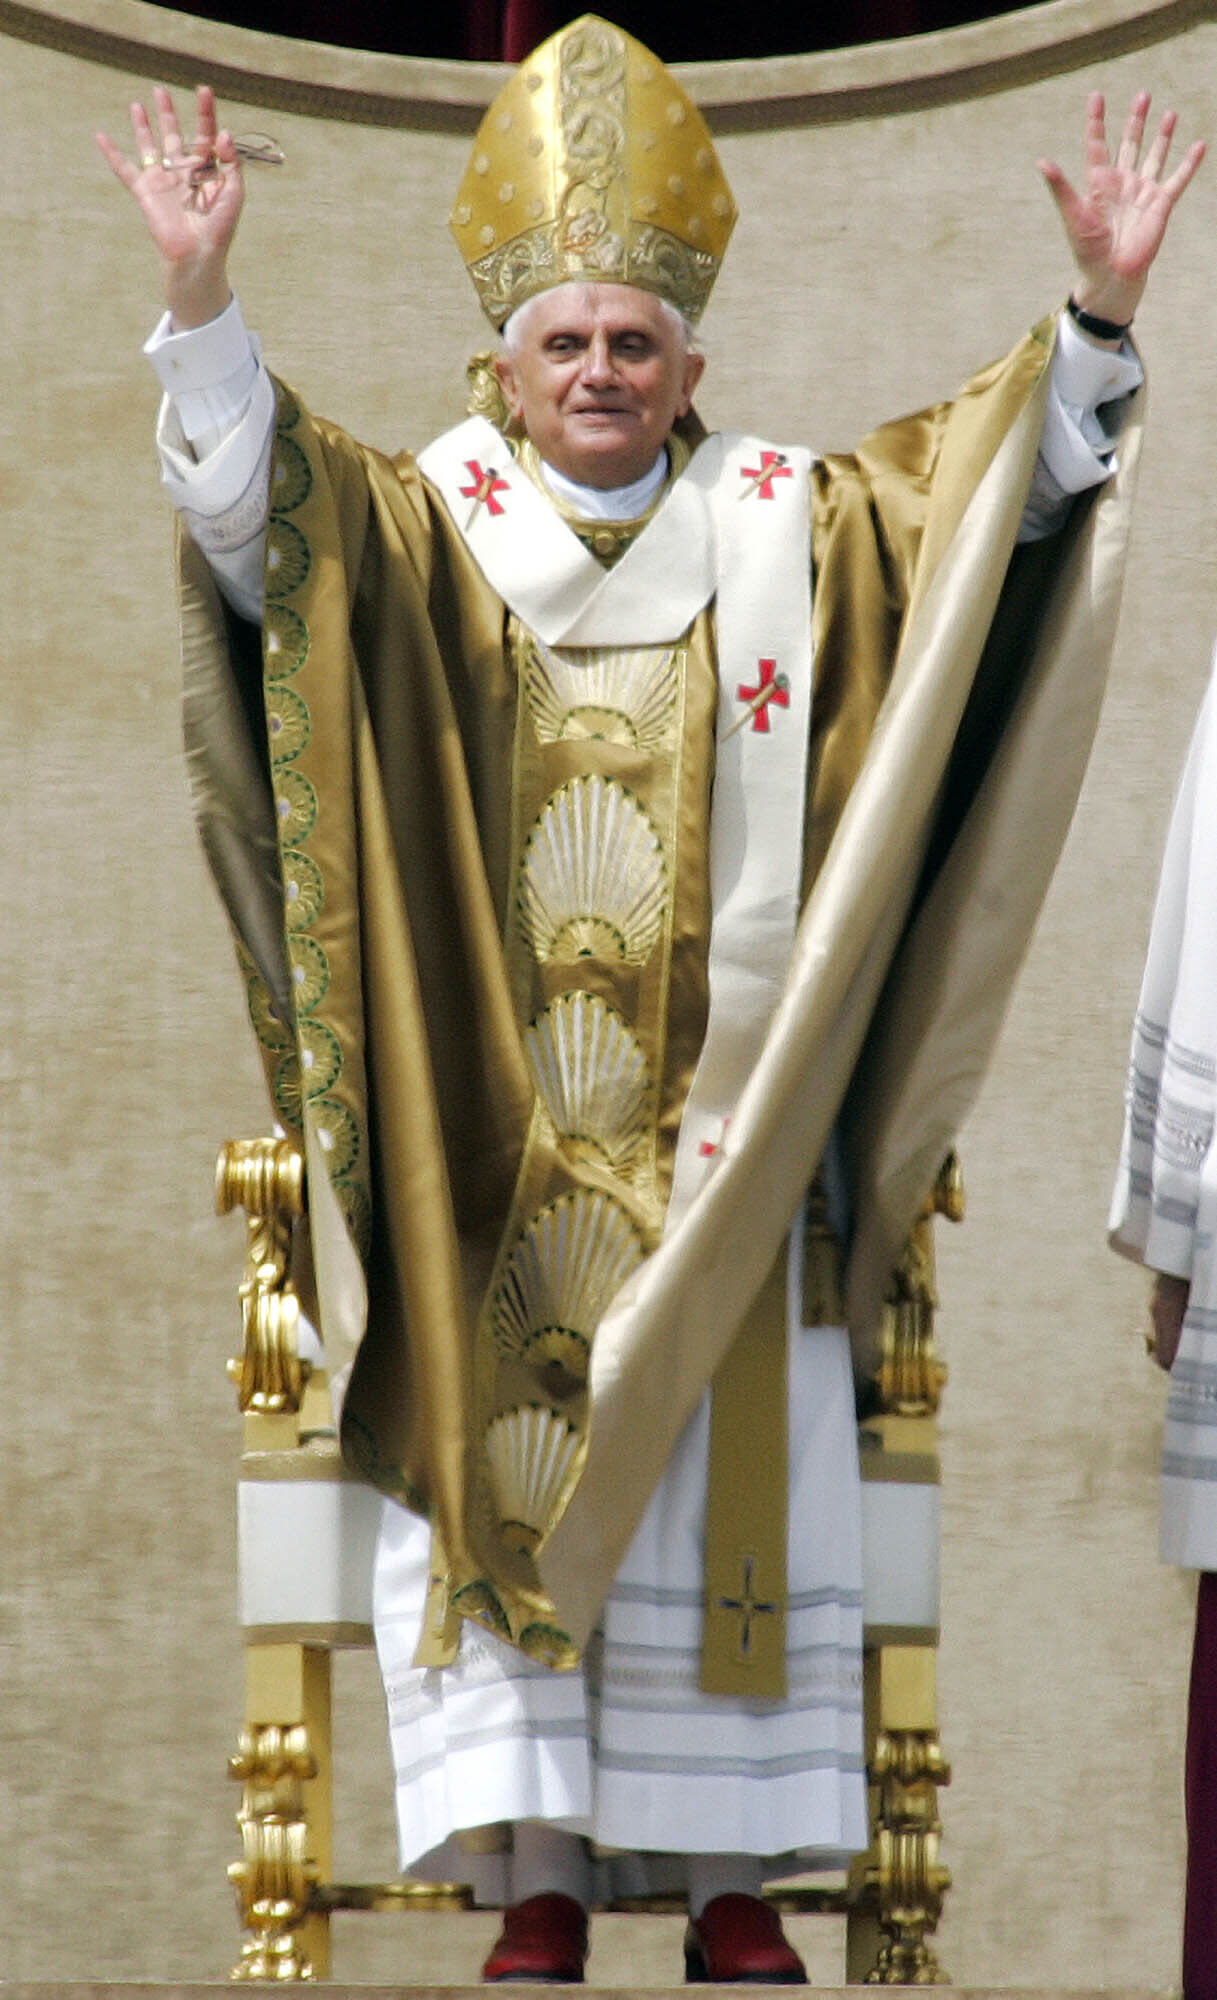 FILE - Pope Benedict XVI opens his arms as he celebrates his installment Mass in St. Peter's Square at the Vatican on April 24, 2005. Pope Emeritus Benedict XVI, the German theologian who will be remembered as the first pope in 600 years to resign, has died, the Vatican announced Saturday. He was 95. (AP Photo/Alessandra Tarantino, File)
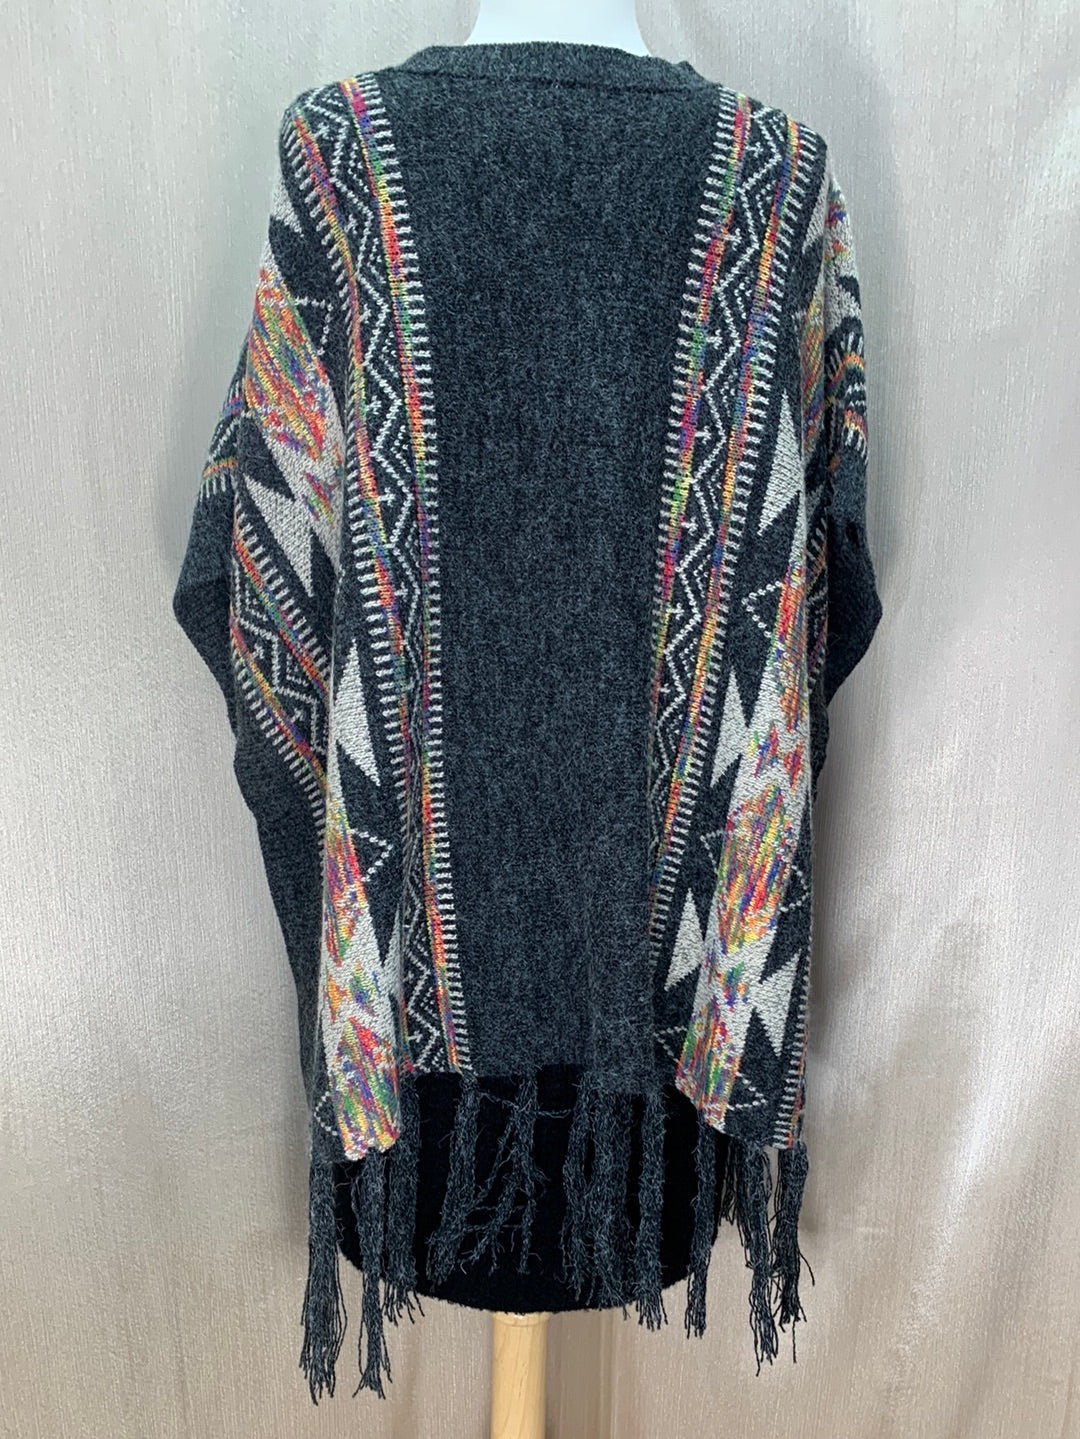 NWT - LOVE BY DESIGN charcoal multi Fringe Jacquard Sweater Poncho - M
==
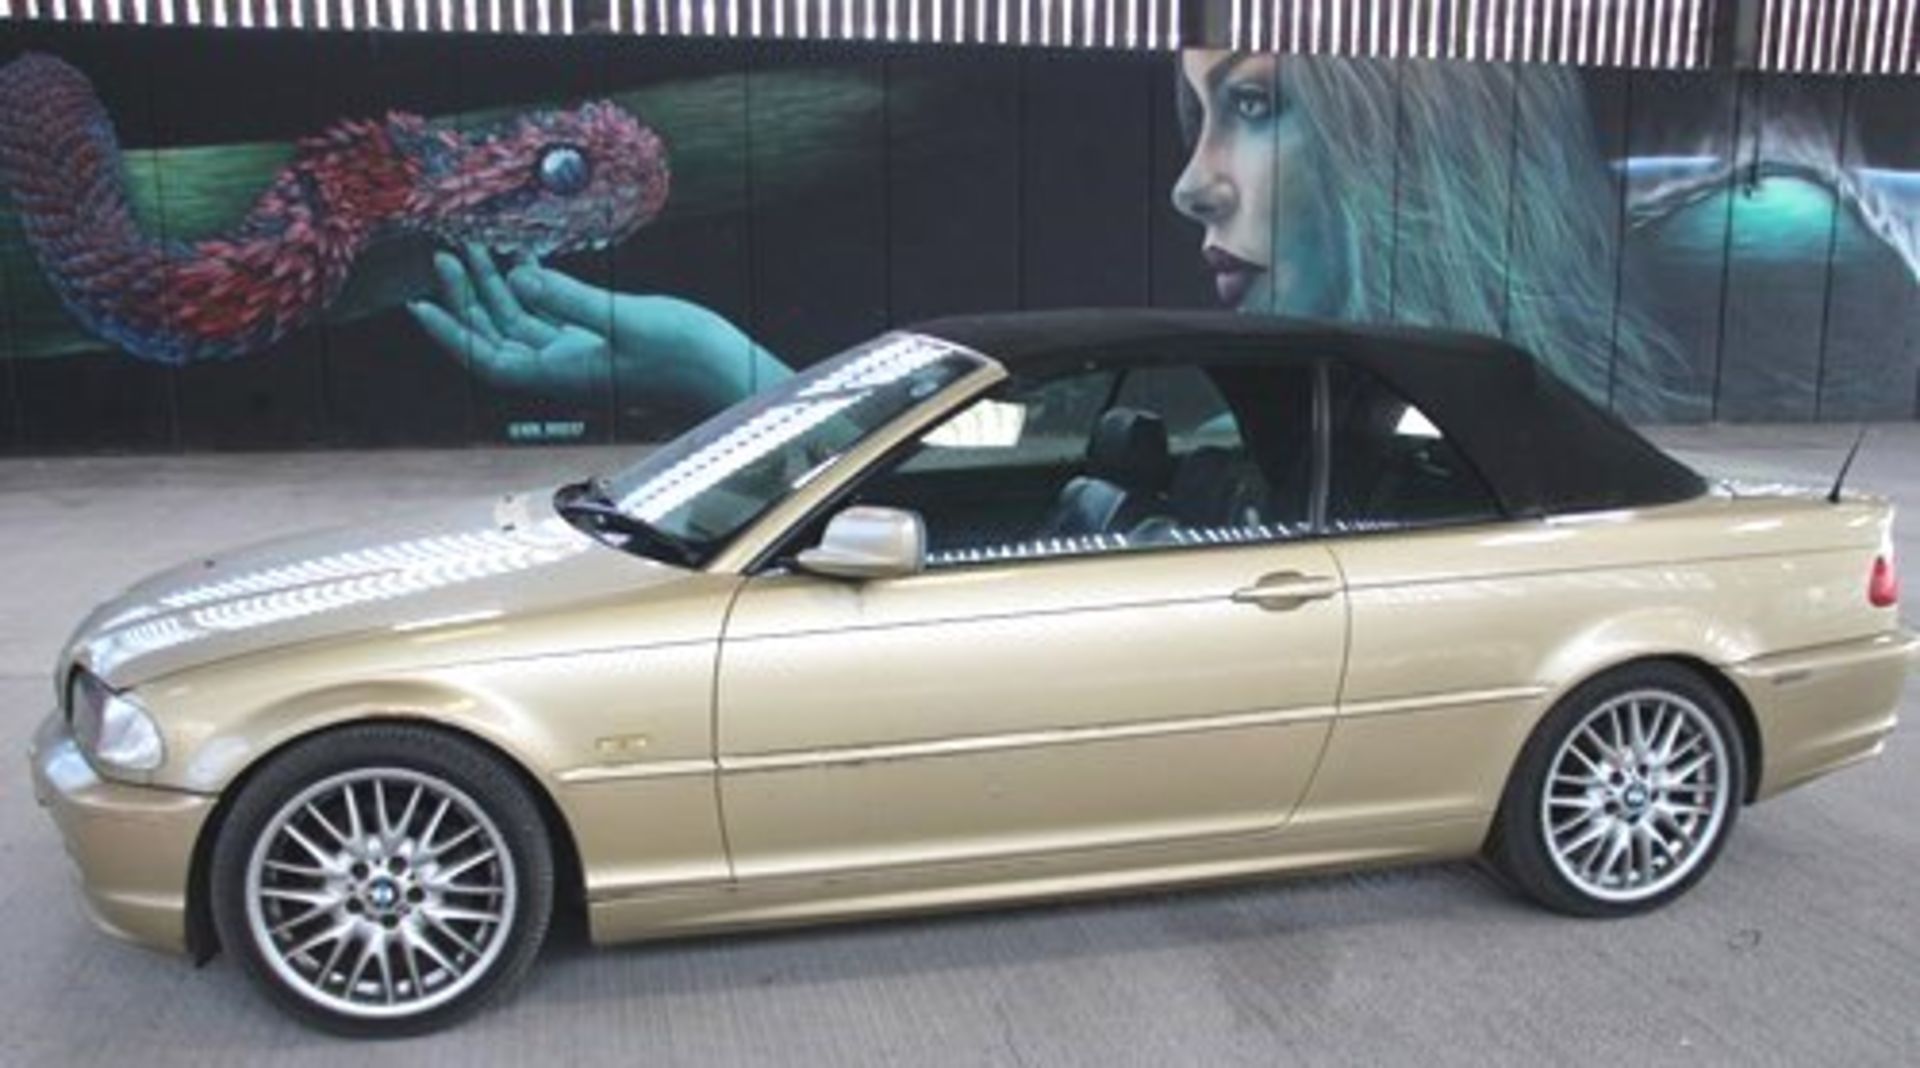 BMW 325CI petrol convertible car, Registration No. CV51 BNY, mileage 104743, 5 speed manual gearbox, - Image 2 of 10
--
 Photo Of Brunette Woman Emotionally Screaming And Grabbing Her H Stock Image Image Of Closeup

§ **PROBLEM DESCRIPTION**
Transcribe, word for word, the stretch of lines in the data above from the one with "FILE - Pope" through the one with "NWT - LOVE BY"; omit all pictures.

§ **RESPONSE AREA**
 FILE - Pope Benedict XVI opens his arms as he celebrates his installment Mass in St. Peter's Square at the Vatican on April 24, 2005. Pope Emeritus Benedict XVI, the German theologian who will be remembered as the first pope in 600 years to resign, has died, the Vatican announced Saturday. He was 95. (AP Photo/Alessandra Tarantino, File)
 NWT - LOVE BY DESIGN charcoal multi Fringe Jacquard Sweater Poncho - M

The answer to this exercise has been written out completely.